When Rick pulled off the helmet, he discovered who he was.
The reunion did not go well.
Rick had tied Morgan to a cot, just as Morgan had tied Rick to a bed in the pilot. But Morgan escaped. He didn’t recognize Rick and continued trying to kill him. Morgan stabbed Rick in the shoulder. Rick struggled free and turned the gun on Morgan. Morgan begged him to end his life. “Please kill me. Just kill me.”
Morgan did eventually recognize Rick, but Morgan was initially angry with Rick for never responding to his radio calls. Rick explained that he was too far out and could no longer hear them, but that didn’t calm Morgan. Morgan eventually confessed that it was his own weakness — his inability to kill his wife — that cost him his son.
A raging Morgan manically yelled at Rick, telling him that Carl would die, and that he would, too, because the “good people” die. And the “bad people” die. “But the weak people, the people like me, we have inherited the Earth.”
Rick tried to convince Morgan to come back with him to the prison, but Morgan refused. He didn’t want to go to the prison and get involved in another fight. “You will be torn apart by teeth or bullets, but not me. Because I am not going to watch that happen again,” he raged.
“You can come back from this. I know you can,” Rick told Morgan. “This can’t be it. It can’t be. You’ve gotta be able to come back from this!”
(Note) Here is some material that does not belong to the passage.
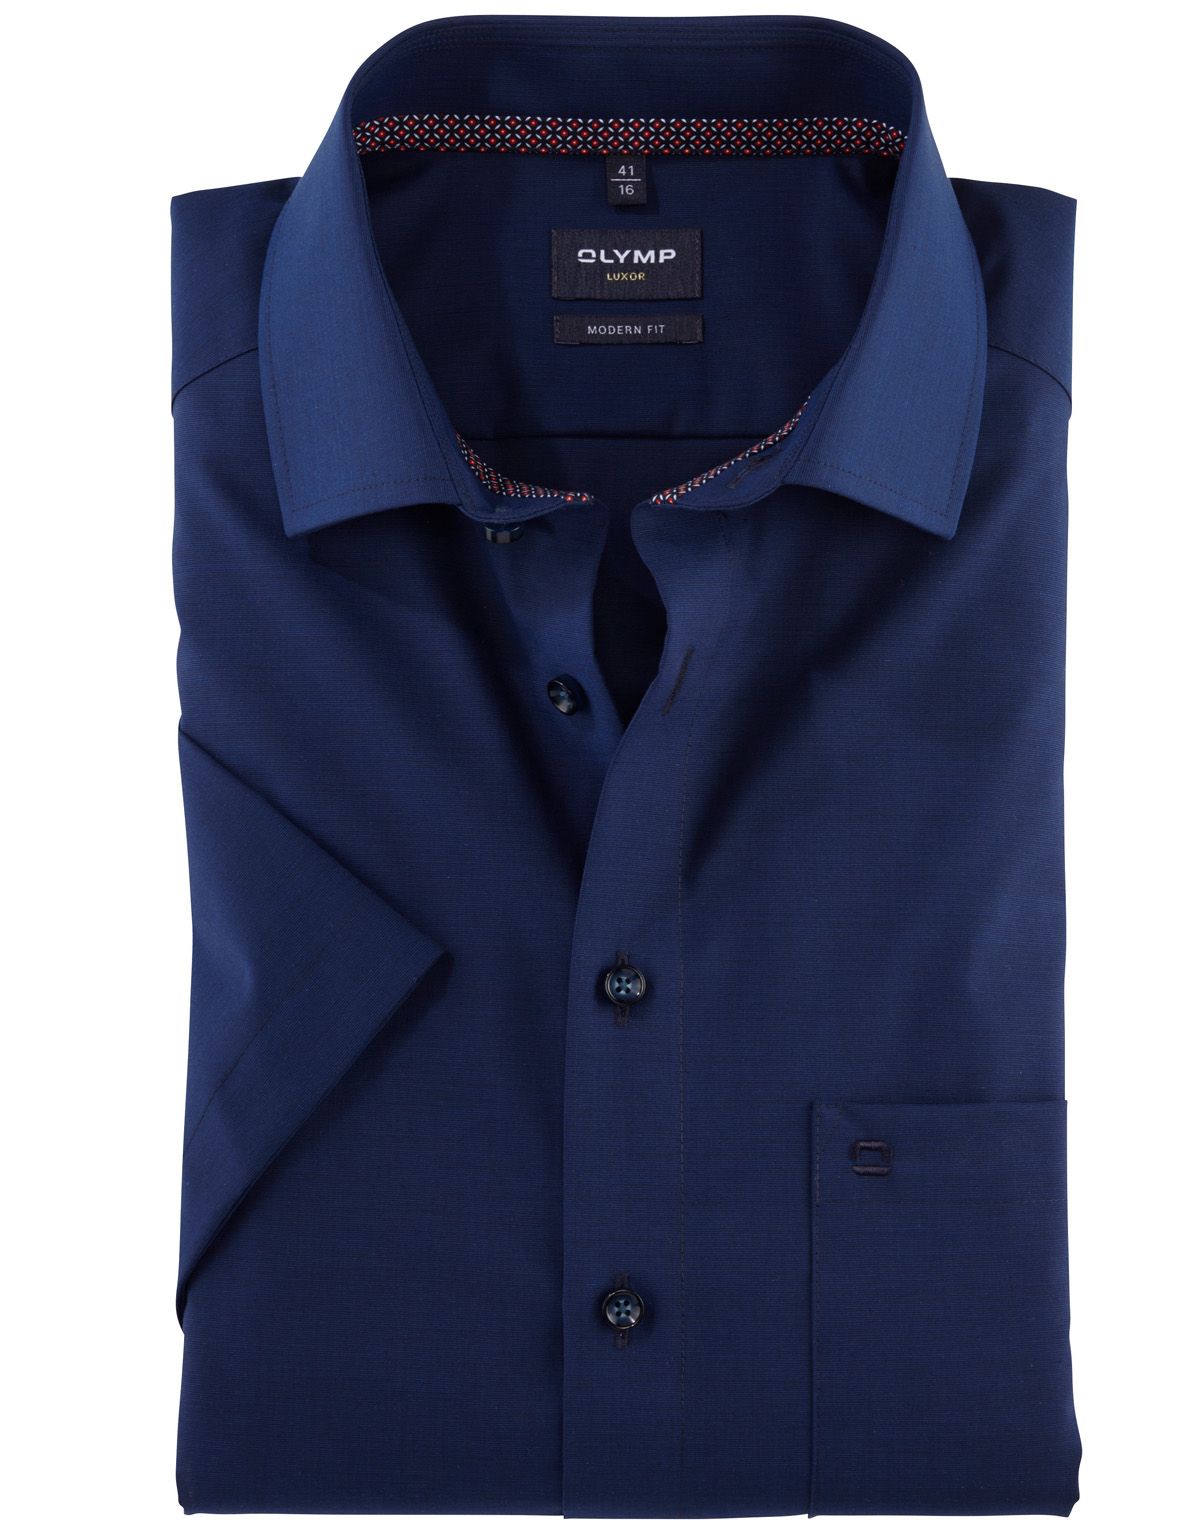 Рубашка классическая мужская OLYMP Luxor, modern fit[Синий]

Morgan stayed behind. “I have to clear,” he said.
Before they left, however, Carl apologized to Morgan for shooting him. “Don’t you ever be sorry,” Morgan told him.
The Road To Someplace Else
I like to think that it was Rick’s impassioned “You can come back from this” speech that ultimately straightened Morgan out, that turned him into what he was when we saw him again in season five: A man capable of killing, but a man that was reluctant to do so because of a newfound appreciation for the preciousness of life. Morgan saves Daryl and Aaron from a boobie trap laid by the wolves and travels back to Alexandria with them. That’s when he sees Rick again. In fact, Morgan witnesses Rick kill Jessie’s husband. “Rick? Is that you?” Morgan asks, bewildered by the violence, by the blood on Rick’s face.
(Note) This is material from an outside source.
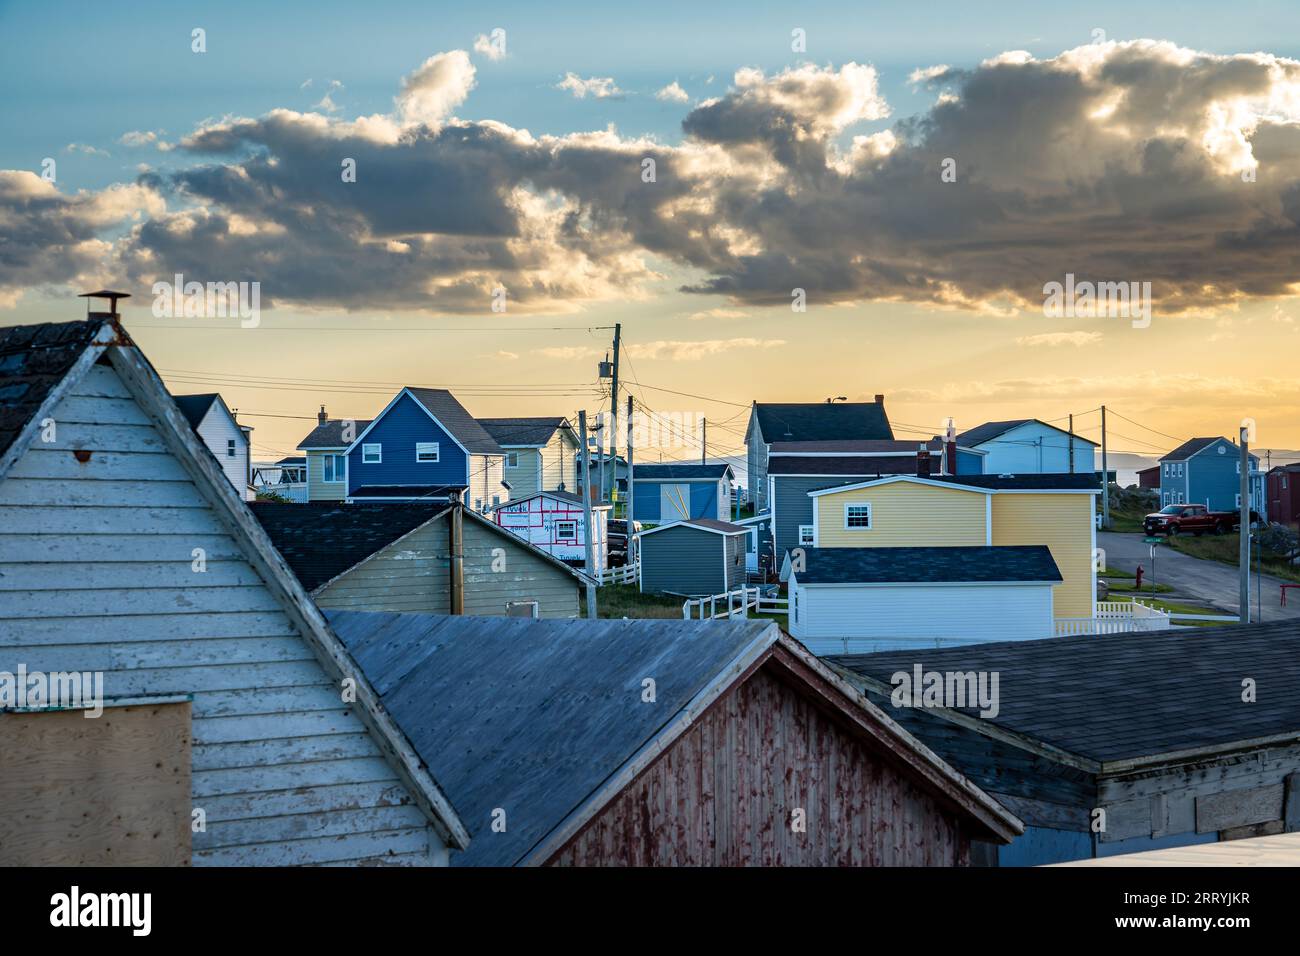 Blick auf Dächer und Häuser an der Ostküste mit Blick auf einen weit entfernten Sonnenuntergang am Atlantik in Bonavista Neufundland Kanada. Stockfoto

When Morgan sees Rick again, Morgan’s a changed man. Their first two meetings, in a way, mirrored each other. In the pilot, Morgan saved Rick’s life after Duane knocked him out, but Morgan also tied Rick to a bed to ensure his family’s safety. In “Clear,” Rick saved Morgan’s life after Carl knocked him out, but tied him up to ensure his family’s safety.
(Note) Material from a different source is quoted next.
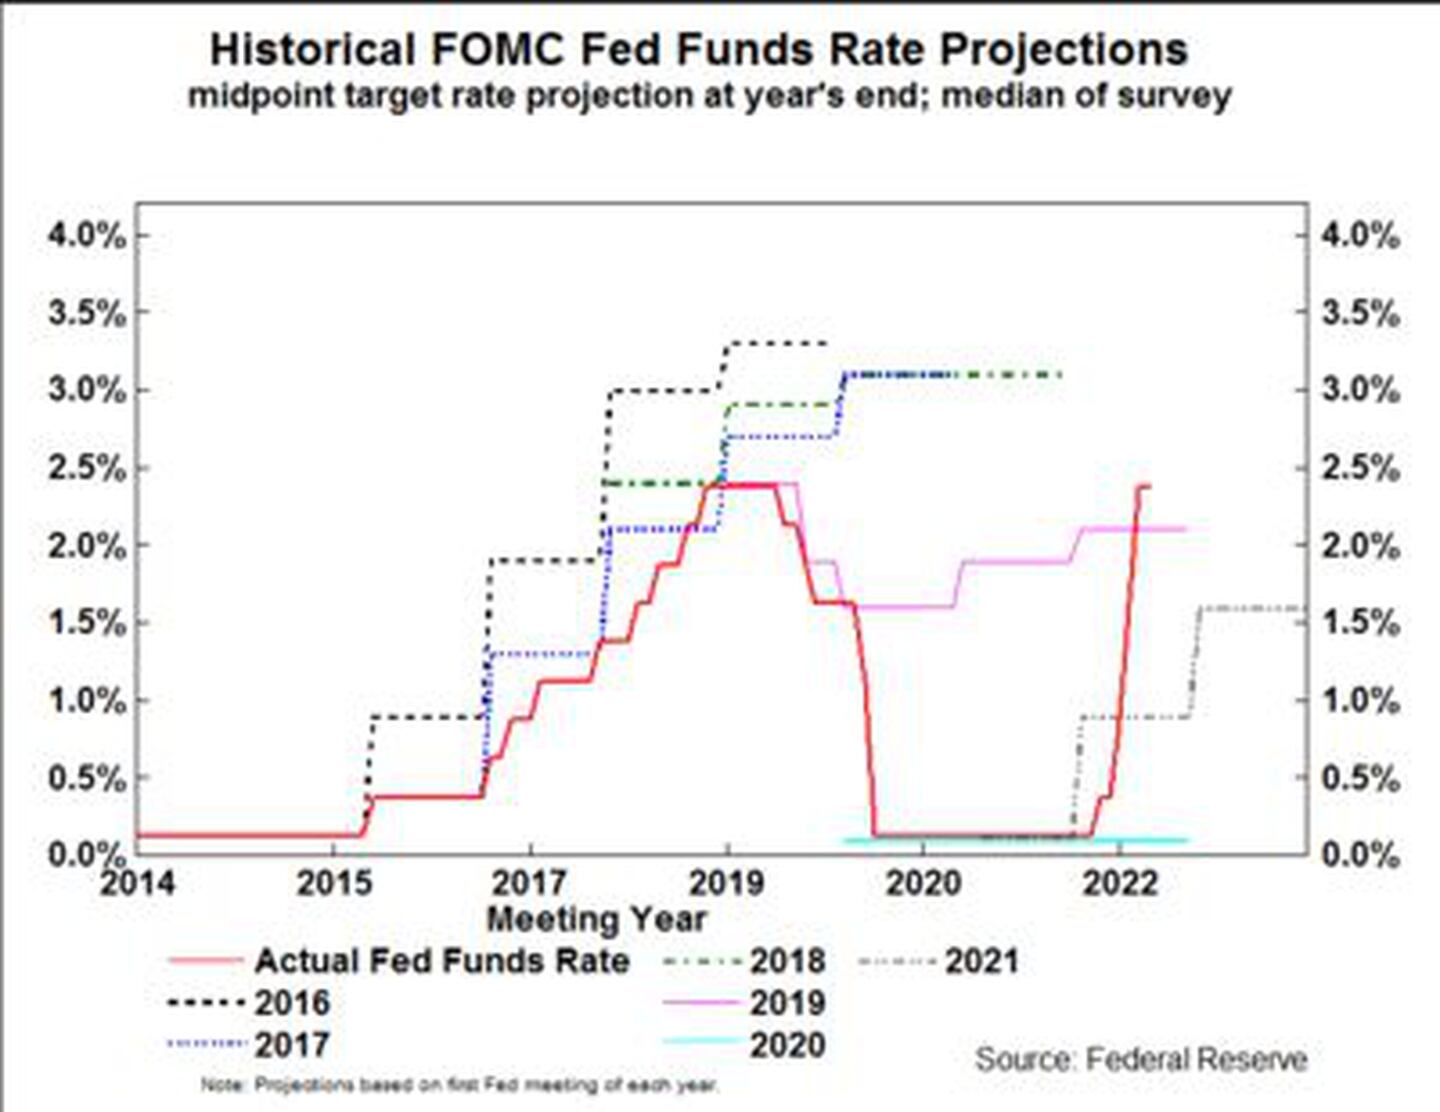 Proyecciones de la tasa de fondos federales de la Feddfd

Morgan, however, had gone mad in “Clear.” Likewise, when Morgan meets Rick at the end of season five, Rick was on the precipice of madness himself, having demonstrated as much when he nearly killed Jessie’s abusive husband and pulled a gun on the citizens of Alexandria in the previous episode, an event that led the citizens of Alexandria to vote on whether to kick Rick out of the town.
At this point in Rick’s life, how different is he from Morgan at Morgan’s lowest point in “Clear”?
Many are predicting that Morgan’s arrival in Alexandria may bring about a schism between Rick and the rest of Alexandria, and that many of the citizens may take Morgan’s side in a Rick/Morgan rivalry. I’m not so sure that, based on their shared history, that there will be a rivalry between the two characters. In fact, I believe that Morgan may have been called upon to do for Rick what Rick had done for him: To break him from his spell of madness. Maybe Morgan can convince Rick that he “can come back from this” before Rick completely loses his way.